If you go in a coffee/Bar to stand or take away and eat is always cheaper thatn to sit at the Table, also if you get a waiter service at the table its still more expensive.
Take care good luck I know you will totaly enjoy Italy
I've been following the Italy related threads on this forum, this post was one last attempt to gather whatever information I could.
I just acquired a stack of new TCI maps, they look really good. They took a month to get here from Italy after I ordered them online, so I guess that's my introduction to the pace of life in Italy!
I've been trying to study Italian using a computer program called the Rosetta Stone, we'll find out how well it worked when I get there. I also intend to carry a phrase book and use it.
My plan for Cinque Terre was to cycle through the National Park on the little windy roads that bypass the towns, stay in a campsite at one end or the other of Cinque Terre, and take a day to walk through the towns.
My plan for Pisa was to stay in Lucca, take a train into Pisa to see the sights, then come back to Lucca. Looking at the TCI map it looks like cycling into Pisa would entail cycling through a fair bit of urban sprawl, which I don't want to do.

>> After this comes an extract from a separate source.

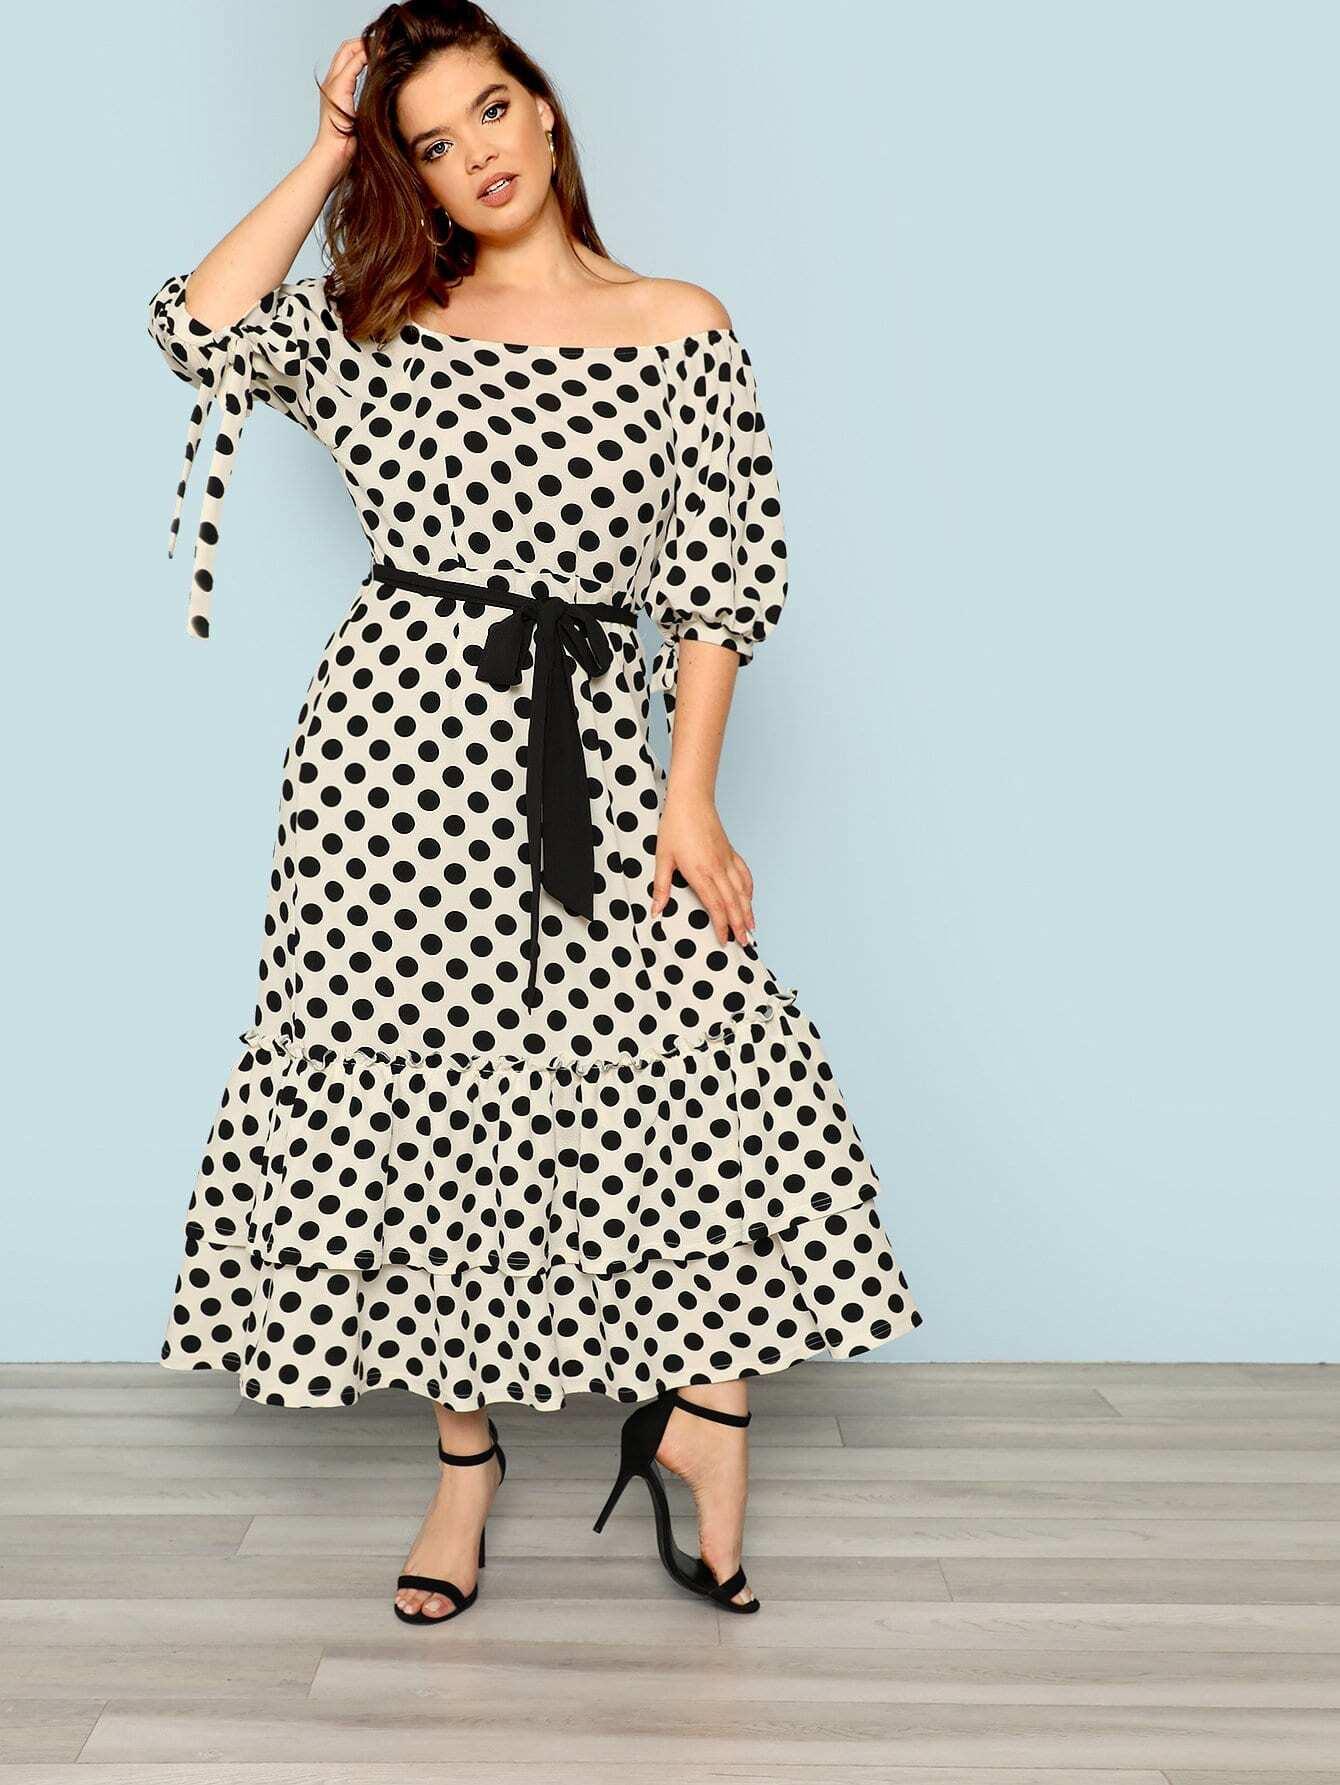 Plus Puff Sleeve Layered Ruffle Polka Dot Dress layered ruffle polka dot cami dress

I agree with Spinnaker,I will be booking accommodation in advance in Milan and Florence, otherwise I will probably wing it as Koffee suggested. I will probably use phone cards instead of a prepaid cell phone, unless cell phones are just ridiculously cheap.
I've heard mixed reviews about wild camping in Italy, I'll just see how things are when I get there. Trangias are hard to get in the US, so I'm getting an MSR Superfly, which runs on different types of gas canisters. It will apparently accept both the Camping Gaz cartridges and the threaded Coleman/MSR thingies.
Many thanks to all 3 of you for the information, it will all be used in my plans! If anyone else has anything to add, please post it.
I really really do _not_ think you need to book in Milan if you plan to stay near the train station- I've stayed at that same hotel in May and June in the high season, and there is always plenty of room. Hotels are a dime a dozen by the train station, and they just don't get booked- probably because people are under the impression they're too hard to book/too far and few between/too expensive. They are really not that bad.
There is a beautiful, quiet peaceful hostel I recommend that's about a couple of hours by bike from Pisa. I stayed at the campground, and it was about 12 bucks. I stayed at the hostel the day before, and it was 7 bucks. I almost turned back! But it did make me hightail it back to my hostel for an additional 5 days. I could not budge from that hostel. It was on the beach along the ocean. I _loved_ that hostel, and the woman who ran it was so laid back and cool... she gave me a room with two other ladies overlooking the ocean with a balcony. I just had to spend every evening with the ladies with some wine laying out on the balcony and listened to the waves lapping on the sand. The restaurants nearby weren't very expensive either- we'd roll over there for dinner and spend about 4 bucks. Then during the day, I took a few excursions by bike and travelled around.
I can't remember the name of the hostel, but I'll look it up for you.
If you can, I would recommend going to the Italian Consulate in your city. They run very extensive, good classes out of their Italidea classes. People who stick with the courses are fluent when they finish (takes about 2 years). But you can at least get conversational in the first session alone.
There it is in the Yellow Pages! Wow! Construction then Consulates. We have an Italian Consulate at Duquesne University. It says Honorary of Italy. I wonder what that means? Guess I will have to call tomorrow.